"She was the strongest Veil-touched in recent memory. She surpassed me a few weeks into training. She may have been the strongest ever born." Lyralei’s voice held grief and pride equally. "She believed her daughter would surpass her."
The weight of that expectation settled across my shoulders. Not only did I need to surpass my mother, but also Lyralei.
"I'm not her," I said quietly. “Or you.”
"No. You’re you. And that might be exactly what we need."
Over the following days, I practiced anchoring until my head ached and my nose bled from the strain. I learned to layer bindings for redundancy, to recognize when a Void-touched entity was testing the anchor for weakness, and to adjust and reinforce on instinct.
The Devourer's interest became clearer through the lessons. Lyralei explained how my power drew its attention like blood on white cloth. Every time I touched the Veil, I sent ripples through dimensions the ancient entity monitored.
"It sees you as a threat and an opportunity," she said. "If it corrupts you, you become a doorway large enough for its forces to pass through. If it kills you, it loses the one Veil-touched who might actually banish it permanently."
"So, it's waiting to see which option becomes available first."
"Yes."
I didn’t ask what happened if it chose the corruption route.
By the end of the second week, I could perform all the basic techniques without guidance. I could compress space across short distances, touch the Verdant Beyond without losing control, reflect hostile magic, and anchor the Veil into place.
Not mastery. But competence. Survival-level skill.
Enough to maybe not die immediately when the real fighting started.
One afternoon, I found myself watching Daemon's team train in an adjacent section of the grounds. Kael, Kane, and Zephyr moved through combat drills with the precision of people who’d fought together for years. They communicated through minute gestures and shifts in stance, anticipating each other's movements, covering weaknesses automatically.
Their coordination was beautiful in a deadly way. Zephyr's wind magic created openings, and his arrows closed gaps that Kael exploited with brutal efficiency. Kane’s dominating force and strength showed without an enemy present, as he held down the middle. They flowed around each other like water, adapting to changing scenarios without breaking rhythm.
And Daemon. He was the nail and hammer. He turned the finely tuned deadliness of the team into a machine of war that always achieved its mission. He was faster, stronger than before. The deterioration that had plagued him weeks ago had been erased by my stabilized control.
The curse was still draining him, but slower now. Slow enough that hope felt possible instead of delusional.
"They trust each other completely," Lyralei said, appearing beside me with her characteristic silent grace.
I nodded. "Yes."
"I haven’t seen teamwork like this since your mother and I could be in each other’s presence. You’re lucky to have them as your allies and not your enemies."
I watched Zephyr let loose an arrow from his crossbow and Kane hurl his axe overhead. Their aim was completely wrong, the current trajectory of the weapons would never have reached the training dummy, but Daemon’s shadow tendrils redirected the projectiles. The arrow landed right between the eyes of the dummy before Kane’s axe split it in half.
"Will that be enough?" I asked. "Against what's coming?"
"It will have to be. Combined with your power and their skill, you might actually stand a chance." Lyralei's tone suggested she believed it possible, but far from certain.
We stood in silence, watching the deadly dance continue until Daemon called for a break. His team dispersed toward water and shade, but he crossed the grounds toward us instead.
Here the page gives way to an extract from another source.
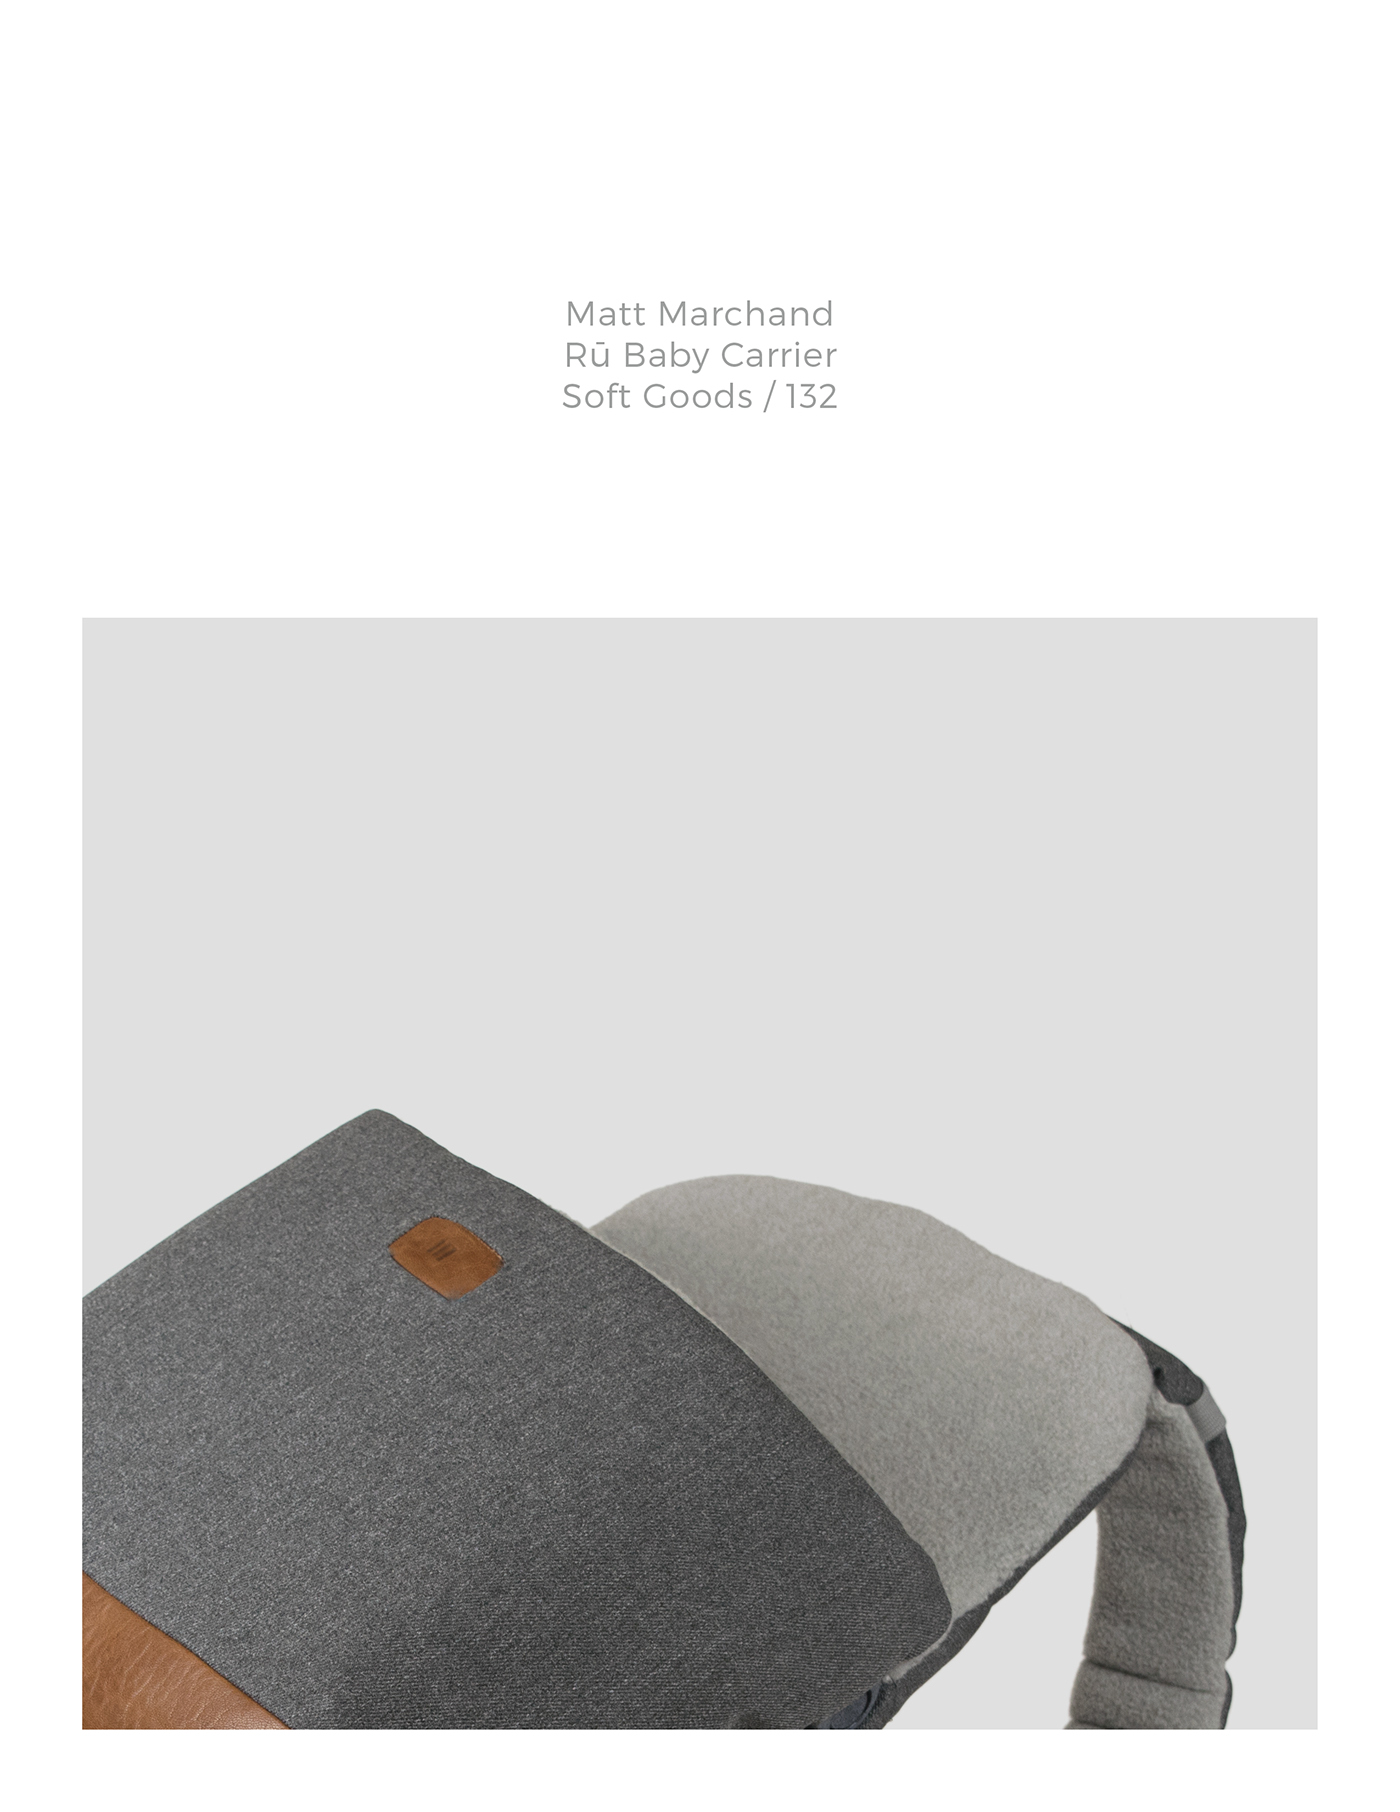 industrial design  product design  Baby Carrier matt marchand softgoods soft goods backpack

"Making progress?" he asked, though the question felt directed at both of us.
"She learns quickly," Lyralei said. "Another month and she'll be ready for practical application."
"We might not have a month." Daemon's expression darkened.
"Then we accelerate Seris's training to match." Lyralei’s calm felt forced. "There are techniques we haven't covered yet, deeper applications, "
"She needs rest too," Daemon interrupted. "Pushing too hard risks the same loss of control we're trying to prevent."
They looked at me, waiting for input on my own limitations.